In a testament to its effectiveness, Pandora says that ads on its platform are 49 percent more memorable than those on broadcast radio; 36 percent more memorable than TV spots; and 29 percent more memorable than mobile video. Based on troves of user data, Pandora can deliver granular data on listening and engagement, which is critical to today's advertisers.
Why you need a digital audio strategy
Brands that want to capitalize on digital audio's potential should devise a dedicated strategy. Digital audio deserves its own blueprint, including creative and media planning and buying. Don't try to shoehorn TV creative into a digital audio ad; similarly, avoid the temptation to use plug-and-play radio spots.
In fact, the only way for brands and their agencies to fulfill digital audio's potential is to separate broadcast radio from digital audio because they have very different strengths and capabilities. While radio has long been valued for reach and frequency, digital audio offers marketers brand-building and engagement. Radio reaches masses, while digital audio is personalized and targeted. Dentsu's Hungerbuhler explained that her agency usually activates digital audio when the intent is to "drive engagement, action, or advocacies." In contrast, they use broadcast radio for broad reach at lower price points.

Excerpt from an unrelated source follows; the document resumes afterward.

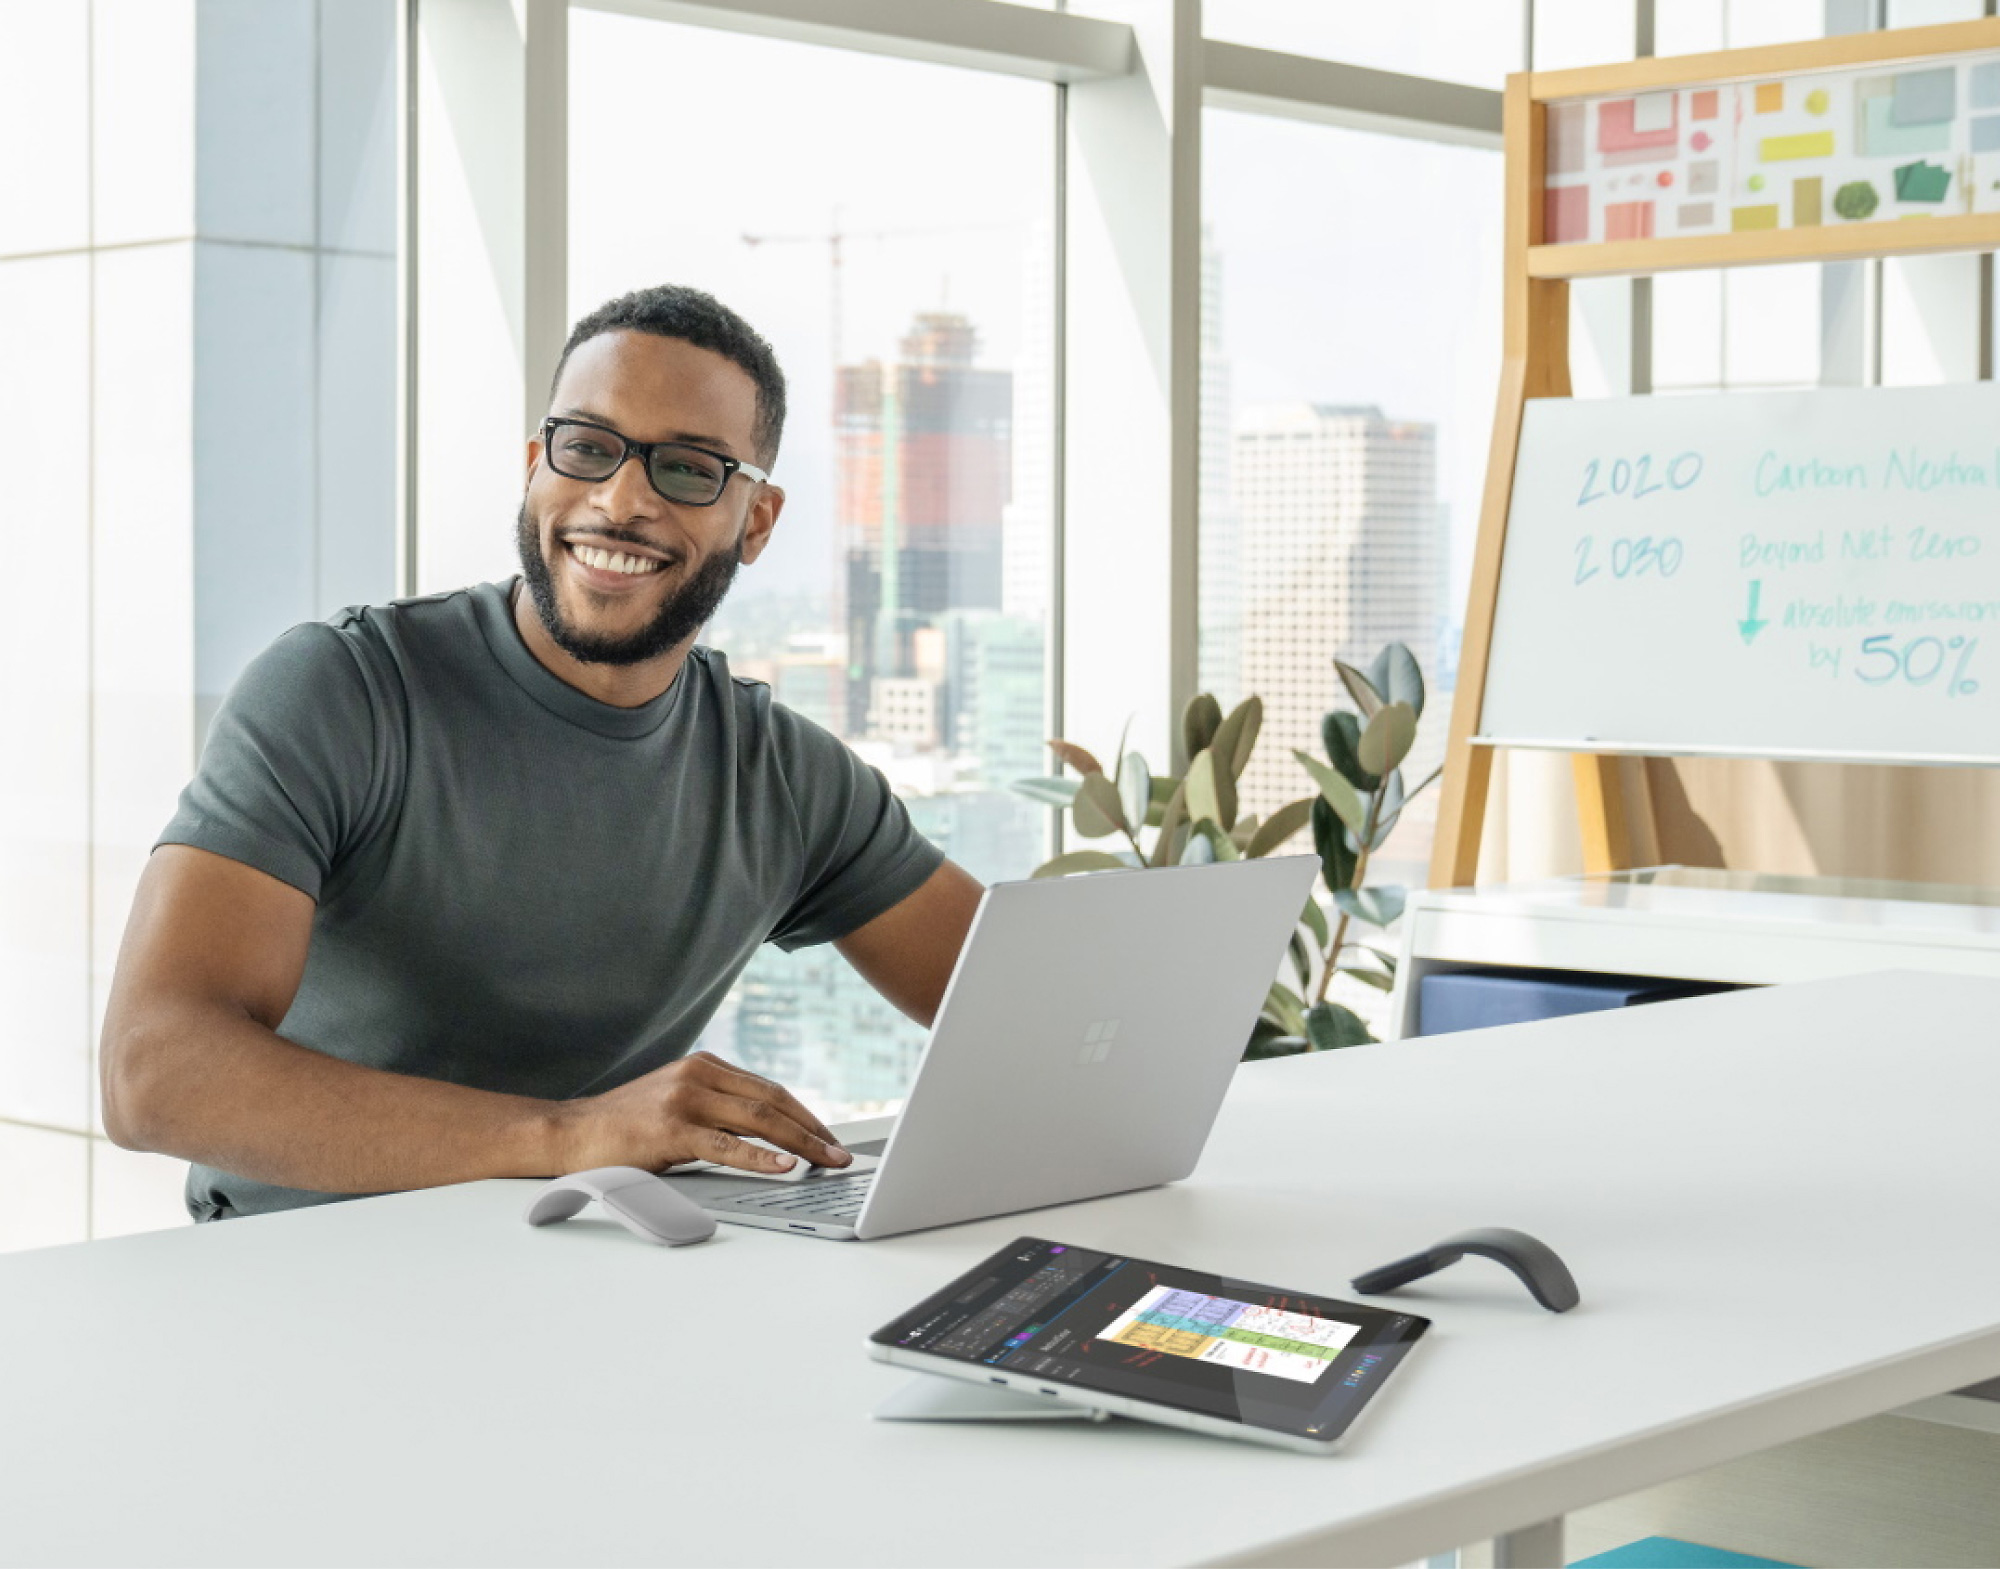 タブレット、電話、プレゼンテーション ボードを備えた最新のオフィス デスクでノート PC を使用している眼鏡をかけて微笑んでいる男性

An essential ingredient for audio strategy is sonic branding. This doesn't have to be a jingle. It can be a consistent voice, background music, or even just an opening sound. It establishes a personality and communicates brand values, and it serves as a signal to consumers. Sonic identity should also transcend platforms. "It's mobile, personal, social, interactive, engaging, emotional, live," Hungerbuhler said. "But, more importantly, as podcasts, speakers, smart devices, and connected cars continue to [proliferate], our clients need to understand how sound and voice can work for their brand."
Trimble concurred: "As demands for audience attention grow, cutting through the clutter seems more challenging every day. Smart speakers. Connected cars. Digital personal assistants. In today's world, where it's becoming increasingly more screenless and voice-led, successful brands will keep pace with the ongoing evolution of the space and embrace the opportunities audio provides."

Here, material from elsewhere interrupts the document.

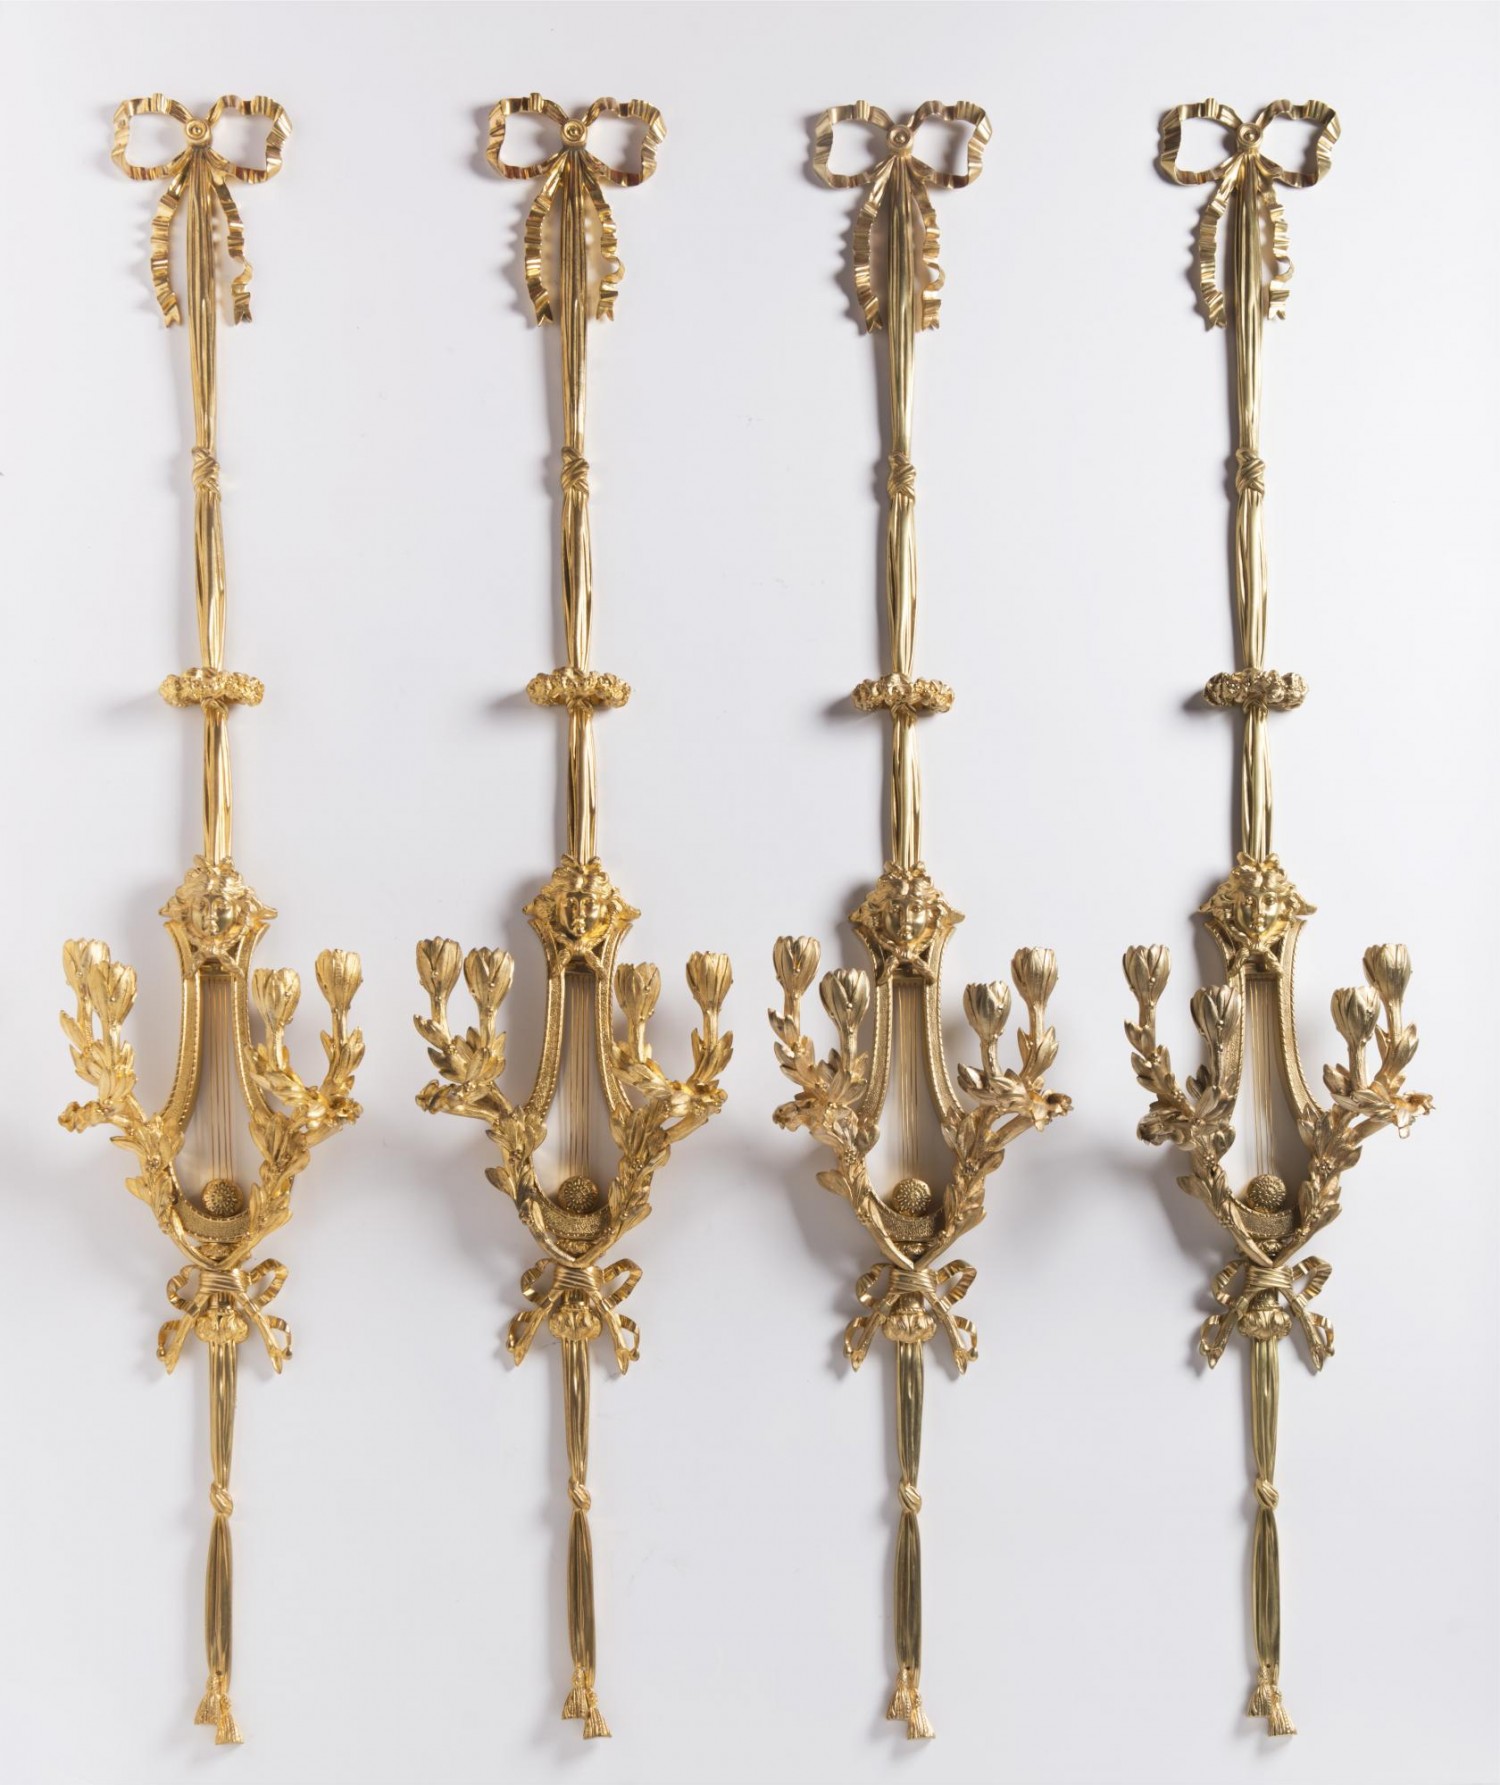 10/ Čtyři apliky s lyrou, Francie, kolem 1820 zlacený bronz, výška 147 cm cena: 434 000 Kč, Arthouse Hejtmánek 6. 12. 2018

Why now is the time to get involved
Digital audio's strengths are its ability to deliver personalized ads to specific consumers. Brands can adjust their campaigns for context, including seasons, behaviors, or activities. These messages can be complemented with a call-to-action or voice activations that allow consumers to engage more deeply and extend the conversation. Pandora, for instance, now offers a "Voice Mode" option, so users can control their mobile listening through voice controls. It also enables them to interact with ads through voice. Pandora can work with brands on those activations.
For brands worried about safeguarding their reputations, digital audio offers exceptional brand safety, Pandora pointed out, because ads are served up to specific consumers who seek out programming. Also, since listening is an in-app experience and ads aren't skippable, marketers can rest assured that they're reaching legitimate audiences.
With so many benefits and opportunities, now is the time to embrace and experiment with digital audio. "Audio is going through a fundamental shift," said Doug Rozen, chief media officer of 360i. "There's so much opportunity."